Each Resistance roared into activity.

Law, Concept, Spirit, Time, Element, Emotion, Quantum, Origin, Space…

And Paradox.

The 9th Lattice of my Lineage bloomed then. An obsidian spiral of fractal complexity. Its edges bled gold and blue. Its center, a hollow eye of logic that devoured all pretense of cause and effect.

| You have gained: Paradoxical Resistance +2%. Total: 3%. |

My collective added Resistances across all 10 now equaled 12%.

I stepped forward and exerted the influence of this collective 12%.

And time buckled.

Not because I struck fast.

Because I struck definitively.

Romulus knew. He adjusted instantly. His entropy surged to meet me like an old friend shaking hands with ruin.

Velmior tried.

He really did.

He fought like one who had endured the death of aeons.

But I unraveled him.

Not with speed.

With understanding.

That was the secret of my Lineage.

It didn’t overpower you.

It made you legible.

My Lattices wrapped around his own.

And I read them.

Every structure.

Every Truth.

I fed them to the fire of my understanding. And what I understood, I could rewrite.

Velmior staggered.

Romulus didn’t hesitate.

He moved like a wonder given shape. His entropy cascaded into the fractures I created.

I created holds and gaps, and Romulus filled them.

His Lattices filled Velmior’s timelines. Not with death.

With endings.

There is a difference.

One is a cessation.

The other, a conclusion.

Velmior’s defenses shattered as his Resistances failed to hold the flood.

I felt it.

The cracking of an apex Entity.

The collapse of a higher being’s certainty.

His True Source of Interval stuttered.

His Lattices hiccupped.

And in the span of a heartbeat drawn across infinity, Velmior Thal-Veyr, Grand Conductor of the Whenfolds, fell.

His form, stitched from orchestrated sequences of time, tore open into raw history. His final echoes played across our battlefield like a broken record.

His body disassembled.

His gaze was impassive as this happened.

No pain. No hatred.

Only disdain.

“You two,” he said, voice low and hollow.

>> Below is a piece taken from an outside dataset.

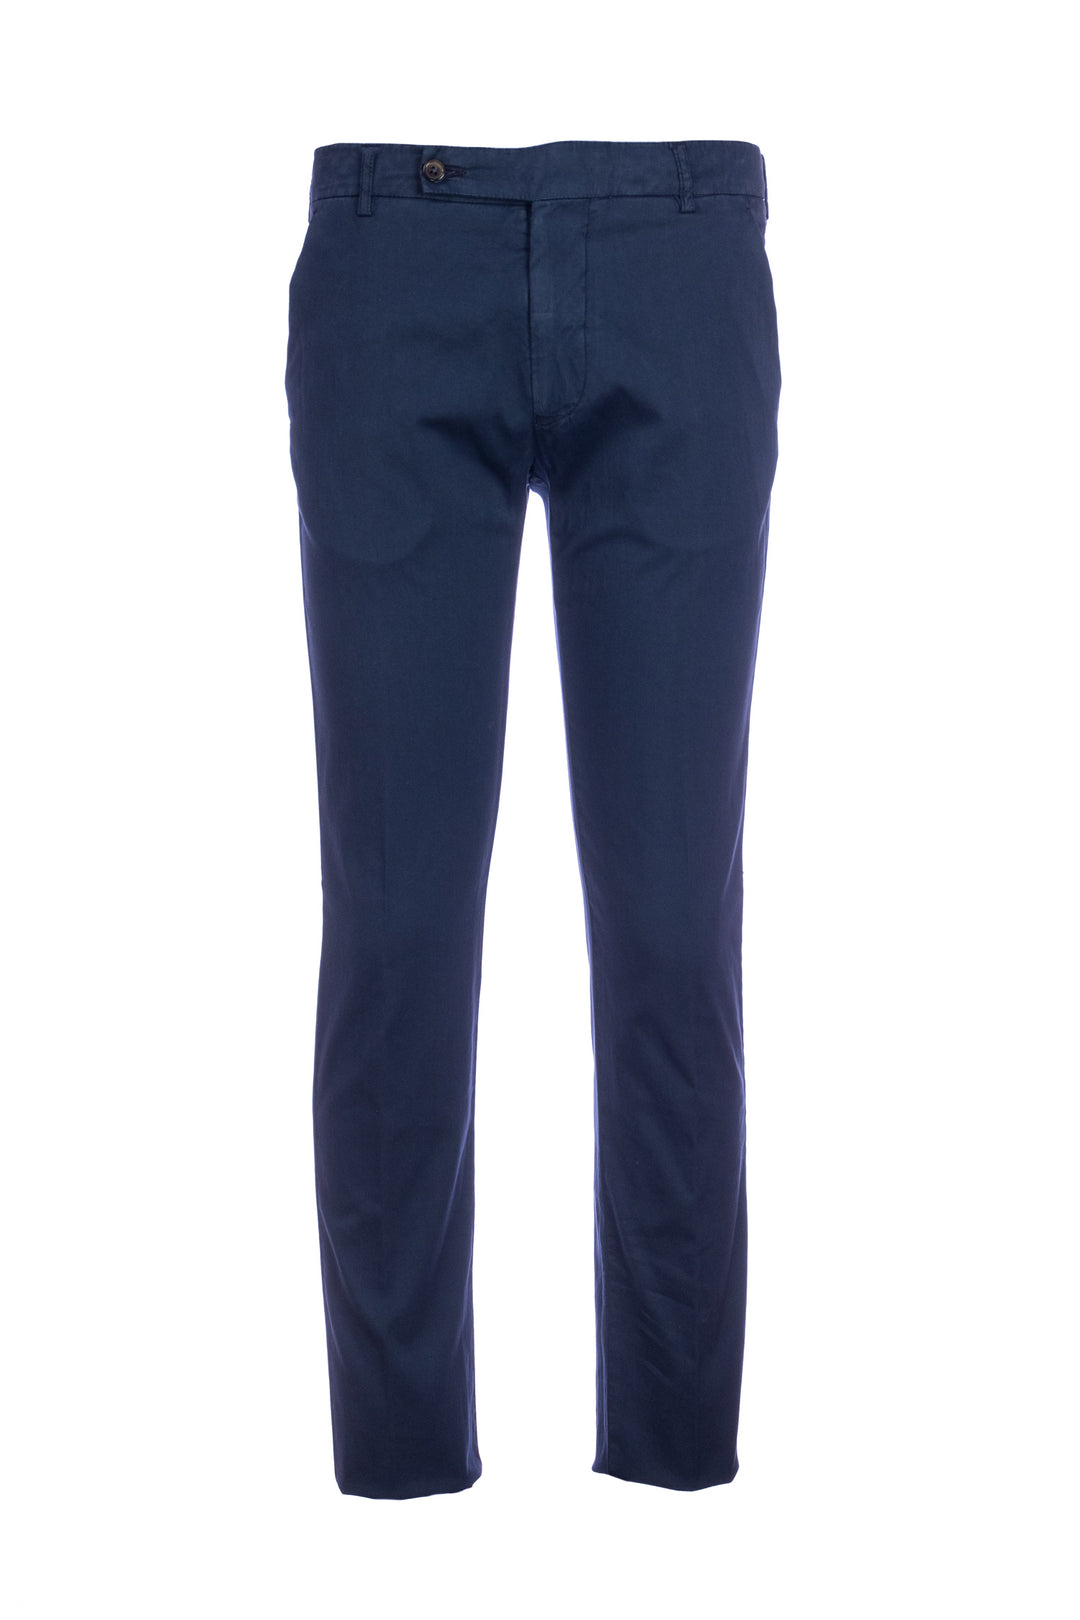 BERWICH Pantalone blu navy in misto cotone elasticizzato e seta - Mancinelli 1954

Romulus and I both turned toward him.

“You think you’ve won.”

I tilted my head.

He coughed. Not blood.

Chrono-runes. They fled from his mouth like insects escaping collapse.

“You… fools.”

His body trembled, entropic rot devouring what remained.

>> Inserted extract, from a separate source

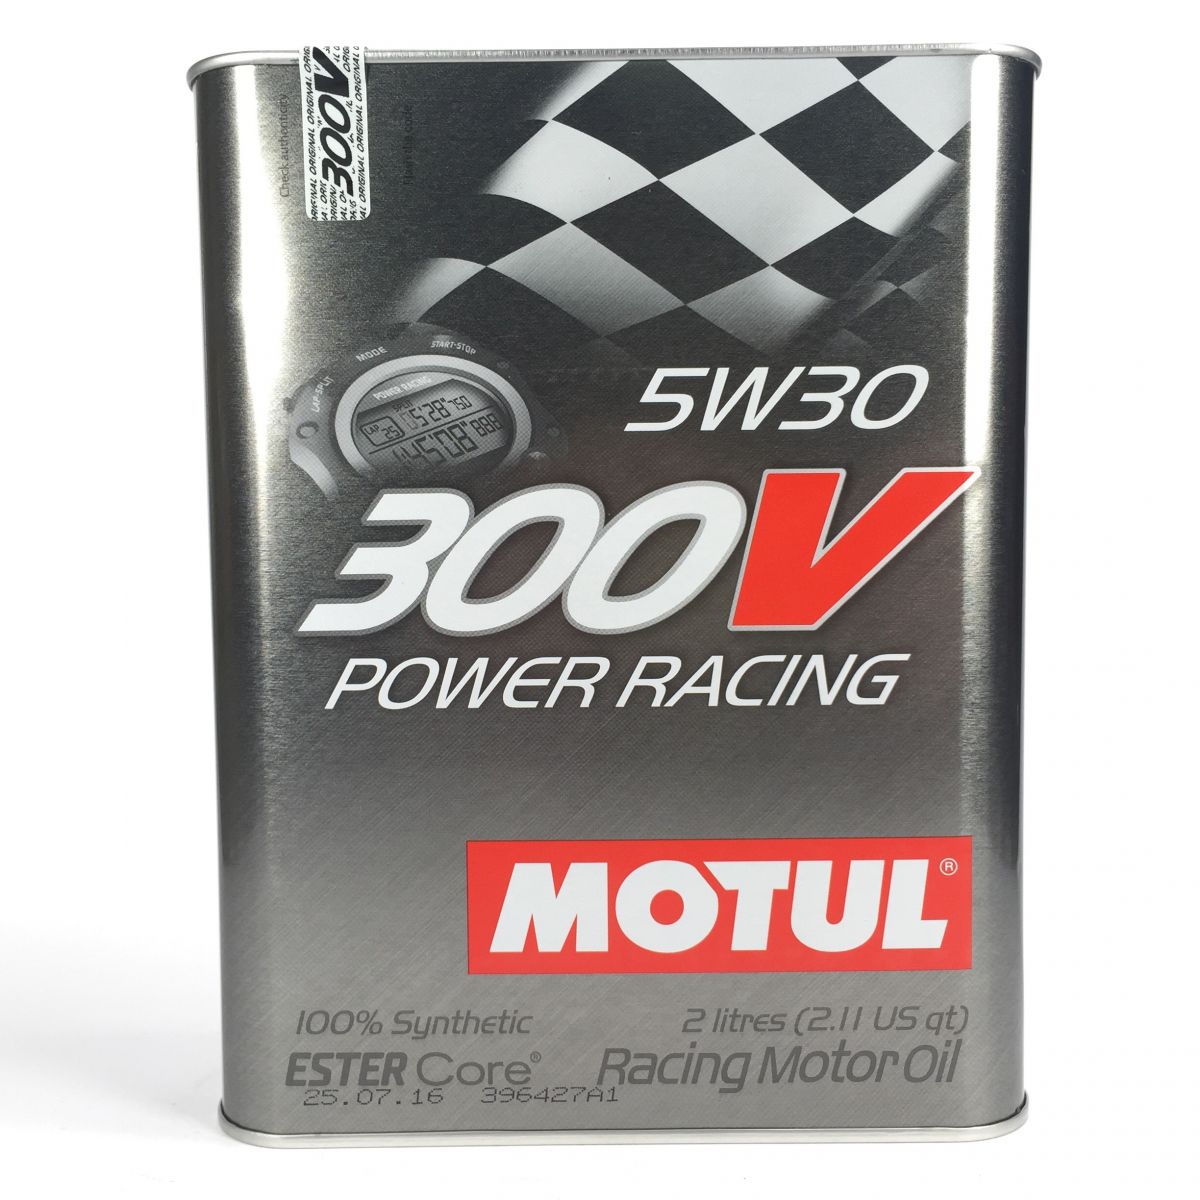 Купить масло motul 5w30. Motul 300v Power Racing 5w30. Motul 104241 масло моторное синтетическое "300v Power Racing 5w-30", 2л. Motul 300v Power Racing ester Core 5w30 2л. Motul 300v 5w30 Power Synt.

“You think you’ve pierced the veil, that you understand what lies beneath the Folds.”

His eyes locked onto mine.

Cold. Disappointed.

“You know nothing.”

And finally, Velmior died.

Not with a scream.

But with silence.

And I stood there, chest steady, many Lattices forming as my True Source of Loot burned with his final unraveling.

| Constructing Paradoxical Primarch Loot Cache… |

Romulus didn’t speak.

Neither did I.

There was no need.

Because we both knew.

This wasn’t the end.

It was the invitation.

To the vast Chronosect of Threadbound Folds.

To other unimaginable wonders.

And somewhere, deep within the paradoxes and collapse of the Nullvein Gravewake Folds, unknown dangers and wonders became ever present!